My C foo is totally rusty, but if I'm not wrong, I don't see anything in the Makefile.am why this file should be excluded from compilation:

[pixie->libsodium]grep -B20 ed25519/ref10/ed25519_ref10.c Makefile.am 
lib_LTLIBRARIES = \
    libsodium.la

libsodium_la_SOURCES = \
    crypto_aead/chacha20poly1305/sodium/aead_chacha20poly1305.c \
    crypto_aead/xchacha20poly1305/sodium/aead_xchacha20poly1305.c \
    crypto_auth/crypto_auth.c \
    crypto_auth/hmacsha256/auth_hmacsha256.c \
    crypto_auth/hmacsha512/auth_hmacsha512.c \
    crypto_auth/hmacsha512256/auth_hmacsha512256.c \
    crypto_box/crypto_box.c \
    crypto_box/crypto_box_easy.c \
    crypto_box/crypto_box_seal.c \
    crypto_box/curve25519xsalsa20poly1305/box_curve25519xsalsa20poly1305.c \
    crypto_core/ed25519/ref10/ed25519_ref10.c \

But when I run nm on the distributed .so file, I don't see the symbol.

lvh commented 3 years ago

What happens if you build the package via apt-src?

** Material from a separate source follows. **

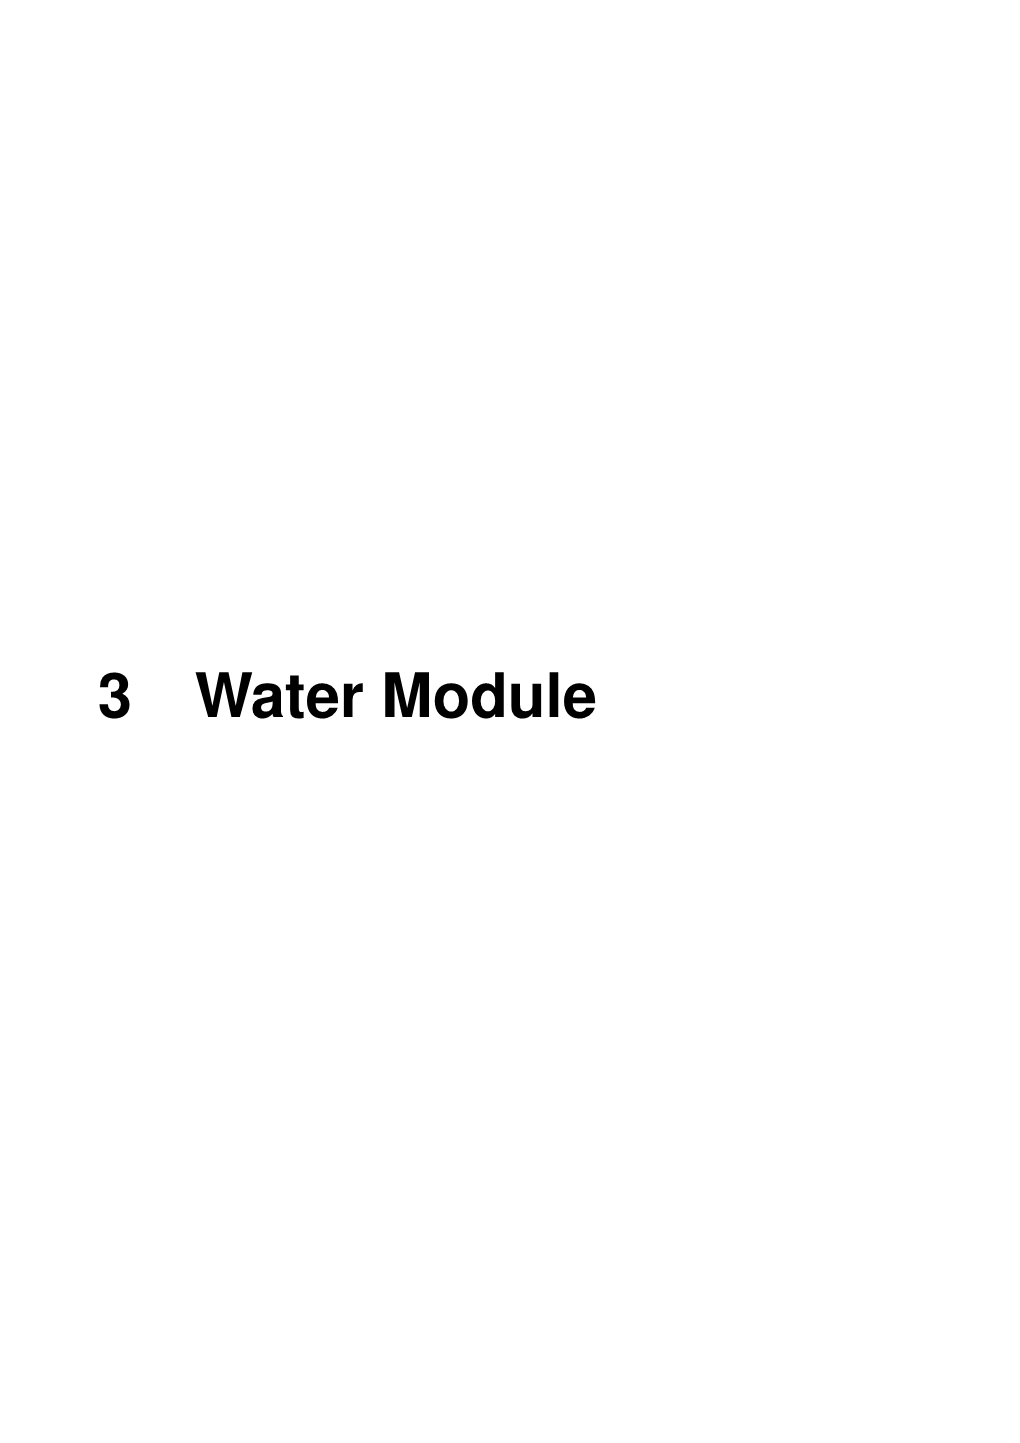 Water Module
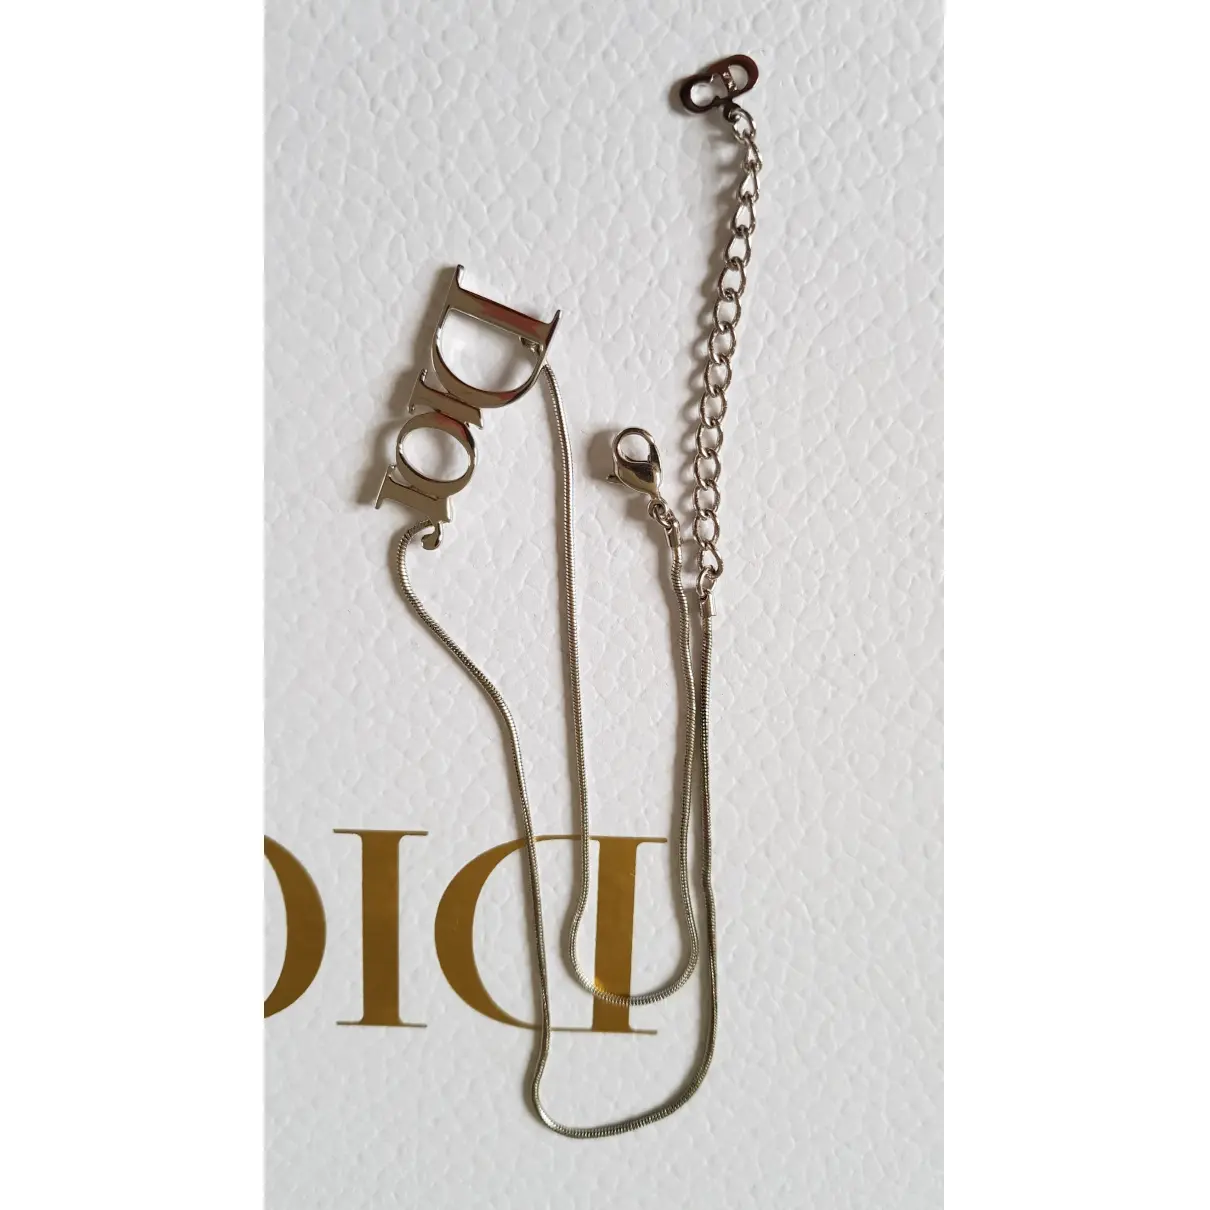 Dio(r)evolution necklace Dior

schaueho commented 2 years ago

Sorry for not following up earlier, I was away on vacation. I just build the package via debian/rules build. If I then take a look at the symbols, I get the same result:

[pixie->libsodium-1.0.18]nm -gD ./build/src/libsodium/.libs/libsodium.so | grep ristretto
000000000002d170 T crypto_core_ristretto255_add
000000000002d3b0 T crypto_core_ristretto255_bytes
000000000002d2d0 T crypto_core_ristretto255_from_hash
000000000002d3d0 T crypto_core_ristretto255_hashbytes
000000000002d140 T crypto_core_ristretto255_is_valid_point
000000000002d3c0 T crypto_core_ristretto255_nonreducedscalarbytes
000000000002d2e0 T crypto_core_ristretto255_random
000000000002d370 T crypto_core_ristretto255_scalar_add
000000000002d360 T crypto_core_ristretto255_scalar_complement
000000000002d340 T crypto_core_ristretto255_scalar_invert
000000000002d390 T crypto_core_ristretto255_scalar_mul
000000000002d350 T crypto_core_ristretto255_scalar_negate
000000000002d330 T crypto_core_ristretto255_scalar_random
000000000002d3a0 T crypto_core_ristretto255_scalar_reduce
000000000002d380 T crypto_core_ristretto255_scalar_sub
000000000002d3e0 T crypto_core_ristretto255_scalarbytes
000000000002d220 T crypto_core_ristretto255_sub
000000000002ed60 T crypto_scalarmult_ristretto255
000000000002edf0 T crypto_scalarmult_ristretto255_base
000000000002ee50 T crypto_scalarmult_ristretto255_bytes
000000000002ee60 T crypto_scalarmult_ristretto255_scalarbytes

It looks like the sourcefile crypto_core/ed25519/ref10/ed25519_ref10.c is getting compiled, at least I see a reference in the Makefile that uses it to compile a crypto_core/ed25519/ref10/libsodium_la-ed25519_ref10.lo which I do find in the build directory. I guess it for whatever reasons just never linked into the .so file? I'm getting lost in the autoconf generated Makefile, sorry.